Technology stocks were among the biggest losers, mirroring a sell-off in China, where talk of tighter regulation sent technology shares skidding.
But U.S. shares clawed back some of their losses over the course of the day, with the tech-focused Nasdaq Composite reversing the bulk of its early 2% decline.
Investors said the snap back in shares suggested that inflation concerns were not quite so entrenched yet, despite rising commodity prices and labor shortages in the United States. They said the sheer volume of money sloshing around in financial markets also meant some individuals are always looking to invest their cash on pull-backs.
“Welcome to a lot of money,” said Paul Nolte, a portfolio manager at Kingsview Investment Management, which oversees $2 billion. “The worry is maybe inflation is something more than transitory, but it looks like this is a mood swing for now rather than a longer-term concern.”
The Nasdaq Composite ended little changed, while the Dow Jones Industrial Average dropped 1.4%. The S&P 500 fell 0.9%, off a one-month low struck earlier Tuesday.

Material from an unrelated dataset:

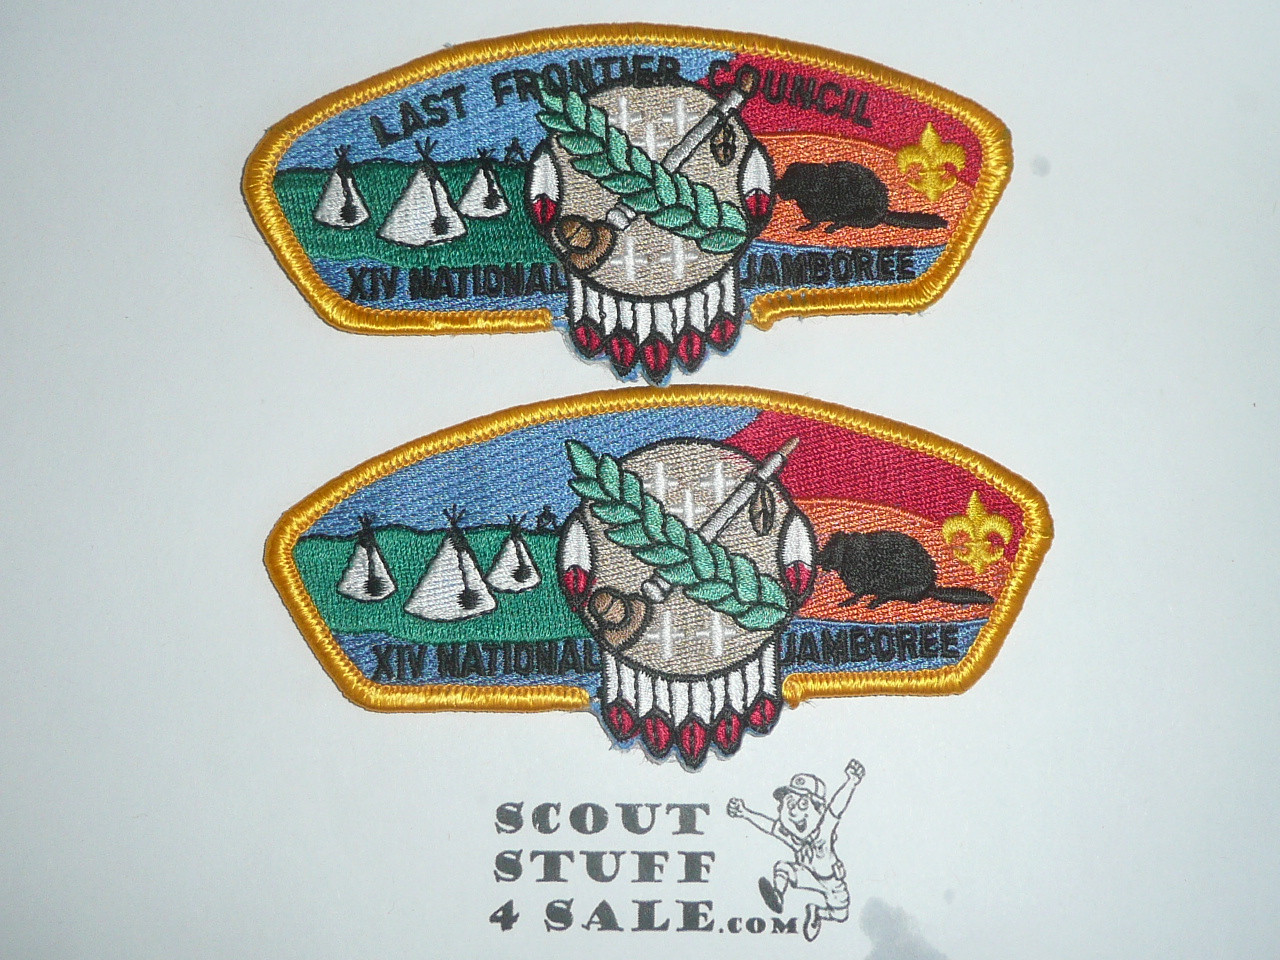 1993 National Jamboree JSP - Last Frontier Council / Black Beaver Council

Bets that inflation could accelerate in the coming months burst to the fore on Monday when the breakeven rate on five-year U.S. Treasury Inflation-Protected Securities (TIPS) – a measure of inflation expectations – jumped to a decade-high 2.717%. It traded at 2.695% by late Tuesday.
The 10-year TIPS breakeven rate stood at 2.539%, indicating that the market sees inflation averaging 2.5% a year for the next decade.
All eyes are now on the U.S. consumer price index report to be released by the U.S. Labor Department on Wednesday. Until then, some investors appeared to be buying on dips.
The dollar, which slipped to a 10-week low on Tuesday on concerns that mounting price pressures could erode its value, also narrowed some of its earlier losses.
The dollar index, which measures the greenback against six major currencies, was little changed at 90.188, after touching a low of 89.979. [USD/]
The currencies of major natural resource suppliers such as Canada held ground amid rising commodity prices. The loonie was little changed at C$1.2097 after hitting a 3-1/2-year high of C$1.2078.
The Australian dollar, another proxy for commodity prices, was steady at $0.7839, but off a 10-week high of $0.7891 struck on Monday.
Gold also recouped early declines, as a softer dollar offset losses generated by rising U.S. Treasury yields. Spot gold edged up 0.11% to $1,837.39 per ounce, after dropping as much as 1% earlier.
In keeping with market worries about a pick-up in inflation, the yield on benchmark 10-year Treasuries edged up to 1.6235%, though off a high of 1.6310%. [US/]
The spread between benchmark two- and 10-year Treasuries also widened slightly to 146 basis points, up more than 1 basis point from the previous day.
Oil prices were not spared of the day’s volatility, and had reversed all early losses by the end of Tuesday’s session, lifted by fears of a gasoline shortage after a cyber attack caused an outage at the largest U.S. fuel pipeline system.
U.S. crude gained 0.8% to $65.44 a barrel. Brent crude added 0.5% to $68.69 per barrel. [O/R]
In cryptocurrencies, ether dipped from record levels hit on Monday, but was nevertheless up 3.7% at $4,101.15. The value of the second-biggest digital token has surged over 5.5 times so far this year.